Though, with orange blossom as well, you do get some bursts of citrus during the wear. To me, that is a good thing, as I really do enjoy the smell of orange blossom.

You do get a lovely top from this fragrance, with some juicy fruit and sweetness, beyond just being another floral scent. Yes, floral notes do take over more as it wears on, but I like the peach and the light citrus touch from the start. Still, all of this is experienced within the embrace of the floral and woodsy notes.

The One EDT is quite a rich and warm perfume. Lily, vanilla, amber, and musk create an enveloping cloud of sweet white florals. Moving forward, I also detect a very lovely ylang-ylang note which adds another dimension to the floral composition.

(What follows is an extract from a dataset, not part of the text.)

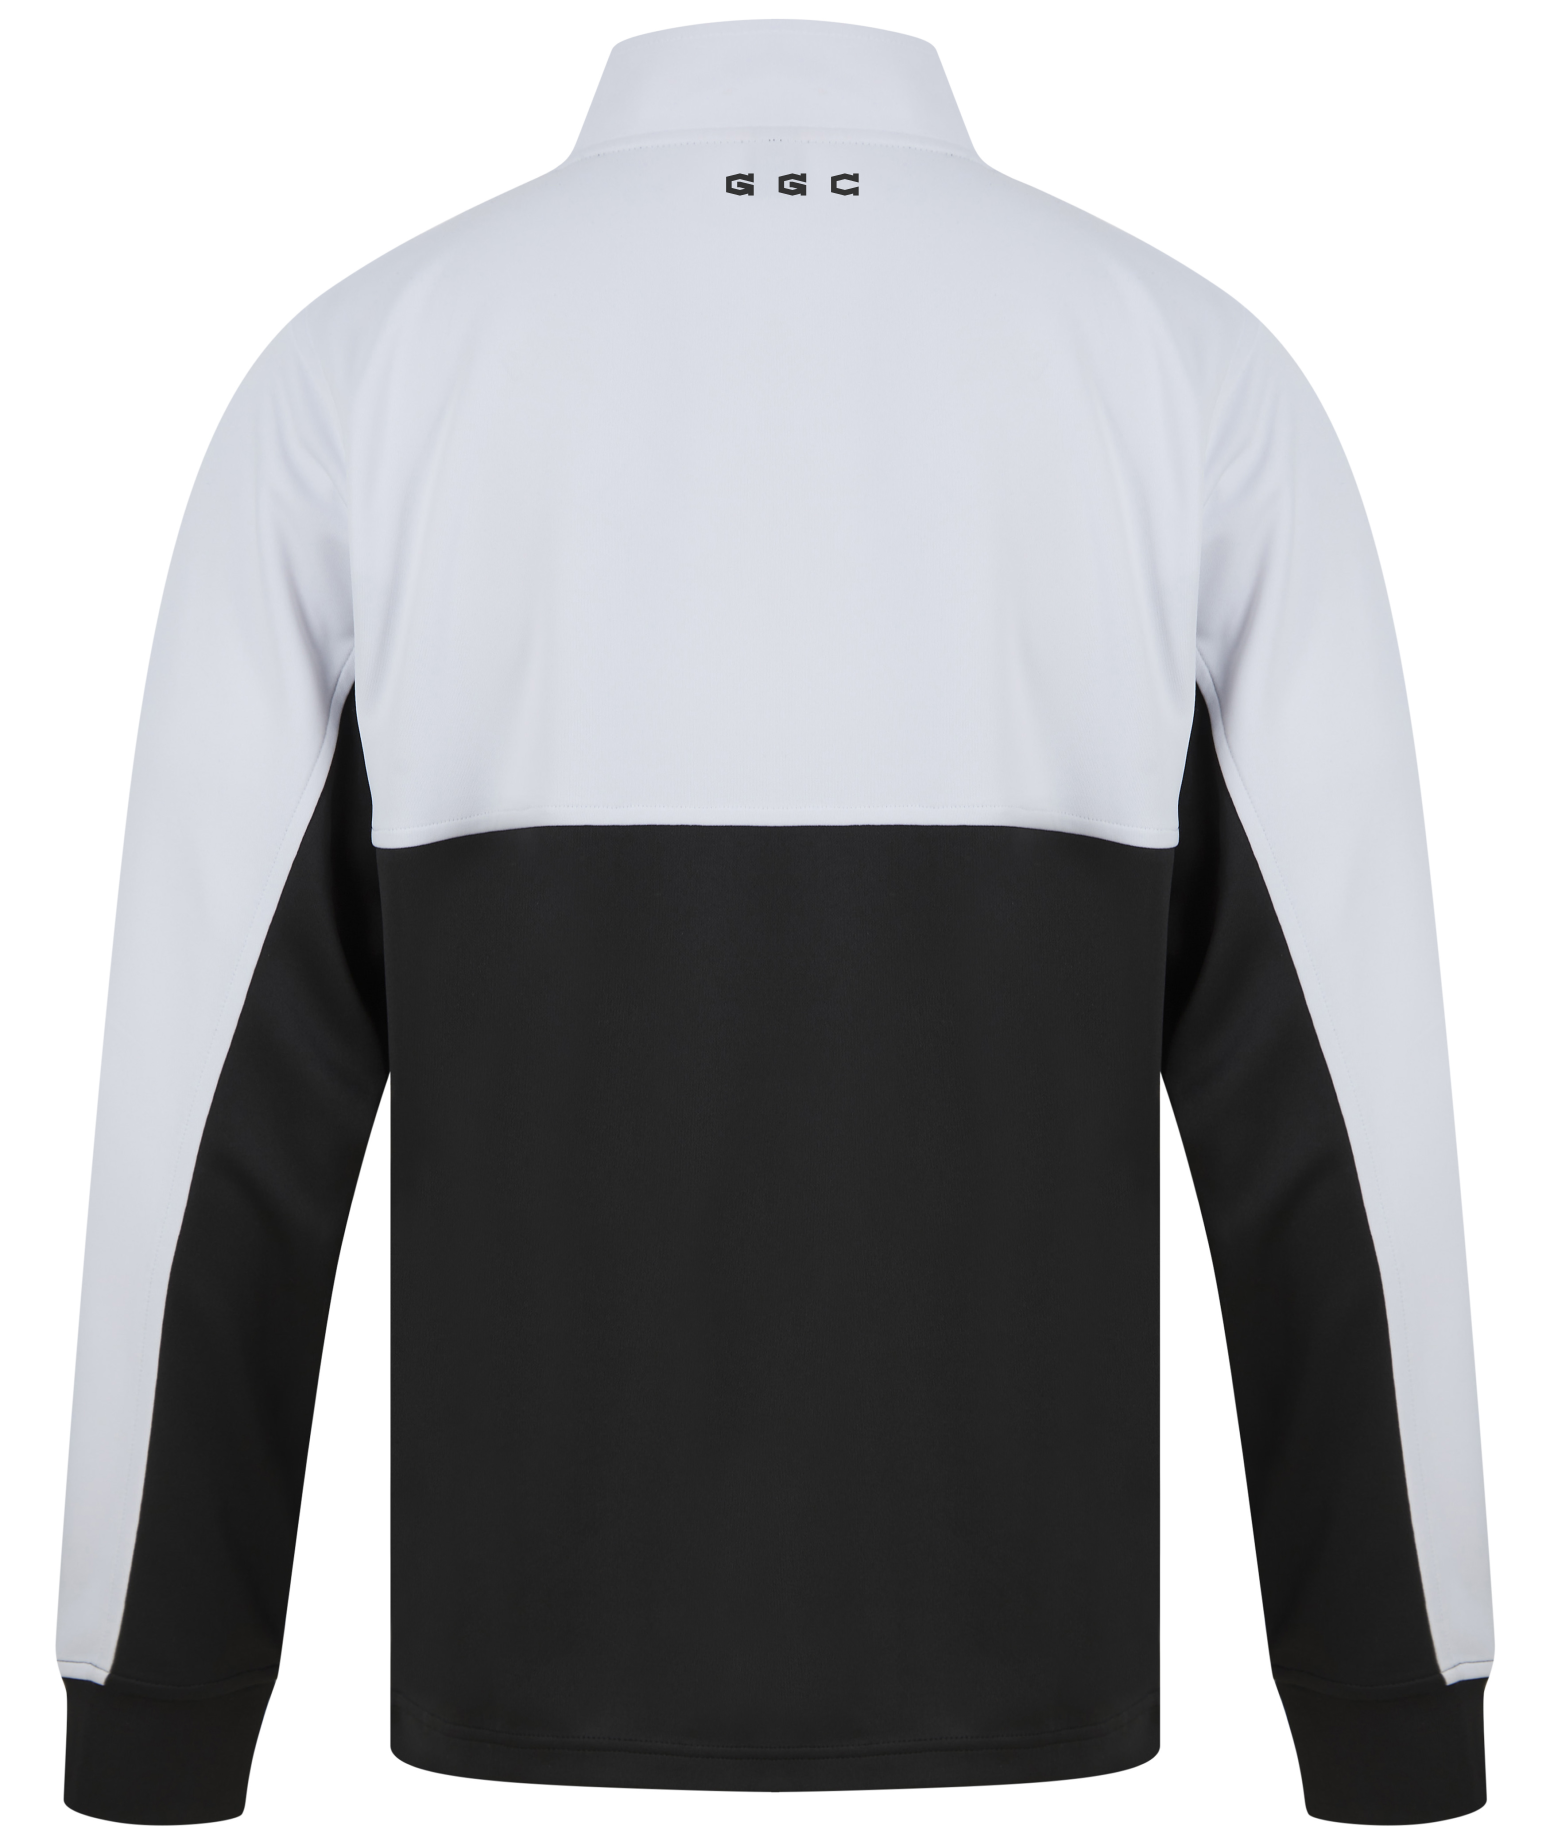 Crossed Clubs Black & White 1/4 Zip Pullover

It becomes quite creamy and a sweet floral during the latter stages. The lily does indeed begin to fully dominate the fragrance, but I still get enough vanilla and amber, for this scent to keep its appeal.

Ultimately, it is a lily, vanilla, and amber scent with a bouquet of floral notes surrounding that trio. Also, a peach note, which still has a good deal of strength during the later periods of its cycle.


Sillage, Longevity, and Versatility

Projection wise, this can start out with some pretty heavy sillage, but later on it becomes much more moderate. Now, it can be overdone with too many sprays, but a normal application should have no problems.

That opening strength might last from 30-60 minutes, depending on the day. But, even after that the strength is fine and The One is quite usable.

The longevity is fairly good as well, The One EDT lasted around 7 hours on my skin. Not the best of the best, but good enough for most purposes. It’s actually much better than the men’s EDT version, so, I won’t complain too much.

Seasonally, this Dolce scent feels like it’d be best in cold weather, but fine in anything but the hottest days of the year. Even though this is a fruitier scent, the other notes have enough body and thickness to make it less than ideal for the summer.

It is a versatile fragrance that can be worn everyday at the office, class, but is attractive enough to pull double duty on a date or a night out.

I certainly found it quite pretty and appealing, with a certain amount of sexiness to it. But, it doesn’t stray too far into the seductive nightlife wear. Mostly, just an attractive and versatile scent.

Honestly, it kind of fits for any age range. The sweetness that it does have doesn’t put it into ‘teenager only’ perfume category. Though, they could certainly wear The One as well.


Overall Impressions of The One EDT

Overall, is The One eau de toilette worth a try? I’d say, yes. It is a very attractive scent but it is also a very sweet scent. You’re going to have to enjoy lily, peach, and an enveloping warm sweetness.

Honestly, the perfume can be a bit much at times, but as a white floral fragrance it works well in totality. Still, I think that it is an improvement upon the EDP version, in a lot of ways. I got a good performance from it and it does have quite a lot of beauty within that sweetness.

It’s not an amazing fragrance. The peach and the citrus up top are a highlight for me, even if things can feel crowded at times, with all of the notes jockeying for position.

Again, if peach gets on your nerves, this is probably one to avoid. Otherwise, it is a very nice D&G release, which does almost everything well. It’s been around forever, at this point, and so no new ground is being broken with this one.